The level design of Metroid Dread it’s scary, in the best of all ways: the maps, branched into large vertical and horizontal junctures, connect in such an organic and stitched way that you’ll like to feel lost – one of the paradoxical sensations that Metroid brings it since its origin in 1986.

It feels good to be disoriented when wrapped in such competent sound engineering. In fact, if you look at the map carefully to try to follow a cohesive flow of exploration as the events are presented, the paths unfold naturally and then reconnect, in a great tangle of shoelaces that spread out from an intense dose of exploration – but which present, above all, cohesion.

explore, in Metroid, means being rewarded and frustrated in equal measure. Backtracking (that is, coming and going) cemented the franchise to what it is today. don’t expect less than Metroid Dread – there are, in fact, facilitators who ease your walks. The backgrounds, however, are not striking postcards as in other entries in the series. They traditionally tell stories, expand the lore, explore the Chozo civilization. In Dread, are easily forgettable.

-Source: Voxel/TecMundo

About the difficulty factor…

Many people raised questions about Metroid Dread not having a difficulty selector. Personally, I think it’s providential that there isn’t one precisely because of the game’s organic proposal, with increasing difficulty, complex crossings and challenging bosses, which require a minimum study to be defeated.

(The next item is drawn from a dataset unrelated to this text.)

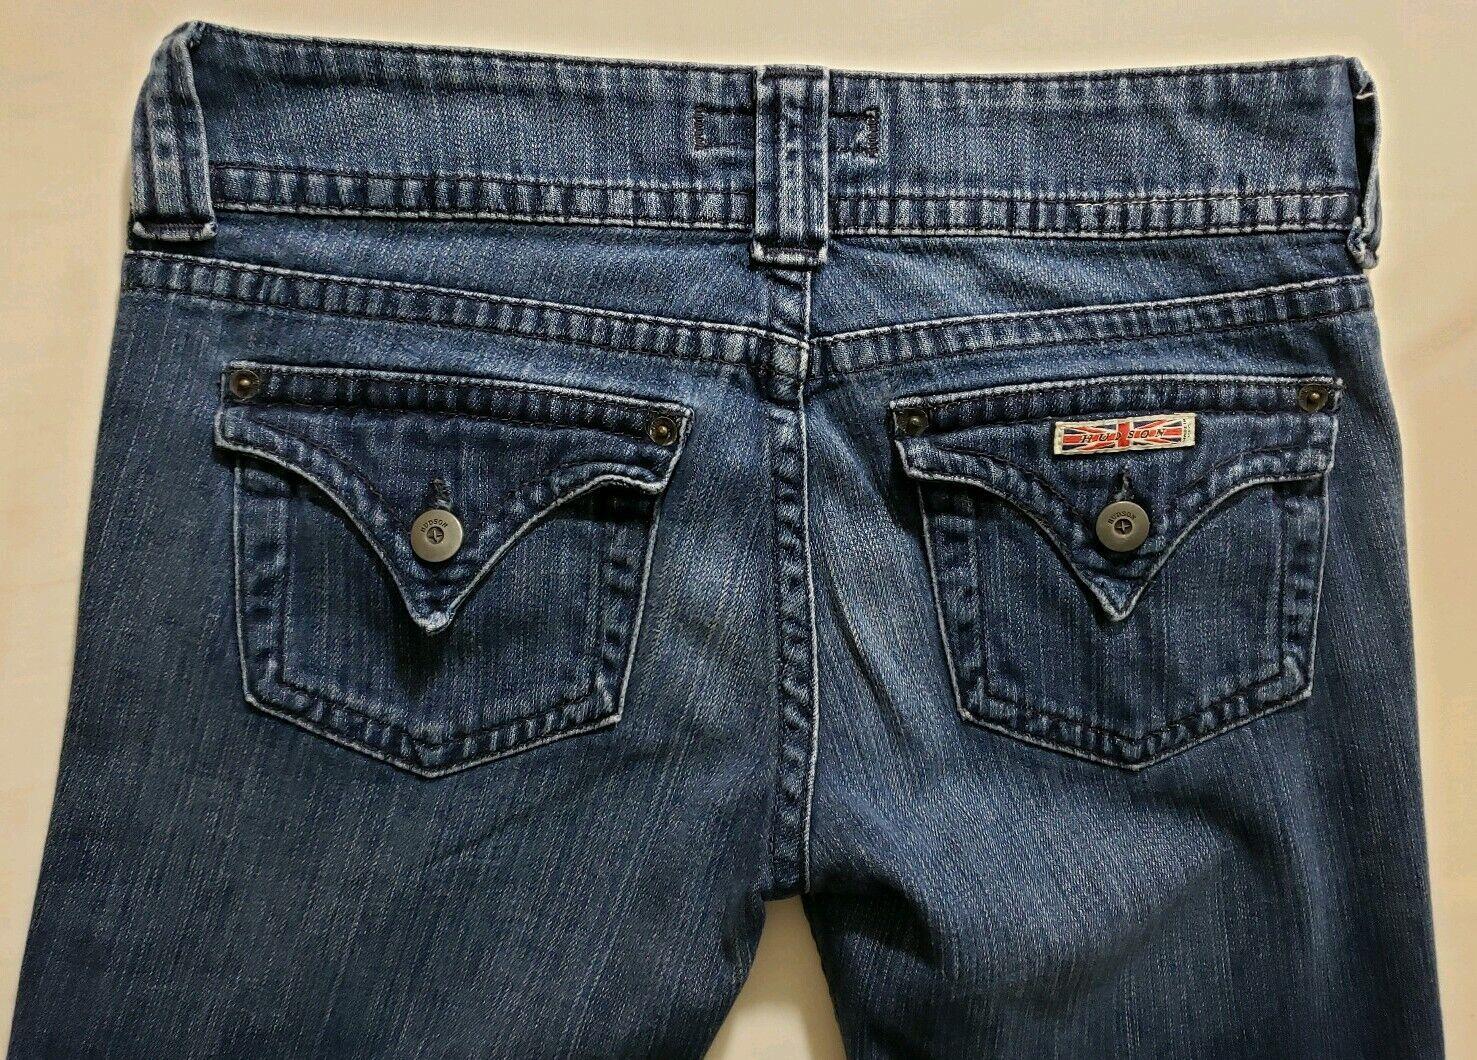 Hudson Womens Denim bluee Jeans Size 28 x 32 Boot Cut Dark Wash Low Rise Flap Poc

There are more difficult or easier Metroids than Dread distributed over the franchise timeline. In my opinion, which in no way imbues a consensus, but an isolated opinion, the game is within the expected scope, with a good diversity of biomes, great references and some facilitators too, such as checkpoints registered on the bosses door (and not save point only), markers for you to insert on the map and hidden item locator, just to name a few.

The game runs at 60fps with considerable drops in punctual moments, especially in confrontations involving explosions and particles, which visibly cause a stress on performance.

-Source: Voxel/TecMundo


Metroid Dread is living proof that the franchise not only works very well in 2D but also remains a level design doctorate, leading the player organically to their goals, intelligently and methodically, stitched and paced, cohesive and intuitive, in interludes of combat and acrobatics.

First-time sailors can take 6 to 8 hours of raw gambling, but on-call “completists” can take 12 to 15 hours to reach 100% of the collected items.

Each upgrade purchased is a new reminder of how Metroid it still works so well using the pillars it established back in 1986. Aside from the occasional dips in frame rate, the other big caveat of Dread, for me, already mentioned in this analysis, is that the scenarios do not have the same inspiration as the previous ones.

-Source: Nintendo

The background scenes of Metroid traditionally tell stories and allow the player to peruse museums that expand the rich lore of the franchise, but here the immersion is not the same – in that sense, Super Metroid, released in 1994 on the Super Nintendo, remains paramount to me, especially considering the hardware limitations of the time.

Metroid Dread is a good palliative until the arrival of Metroid Prime 4, which changes the perspective disk under the same level design philosophy. For now, 2D does not give the slightest sign of age to the franchise.

Nota Voxel: 90

Metroid Dread is another brilliant doctoral thesis on level design and continues to bring a paradoxical feeling to the player: like to get lost

Metroid Dread has been kindly provided by Nintendo for this analysis.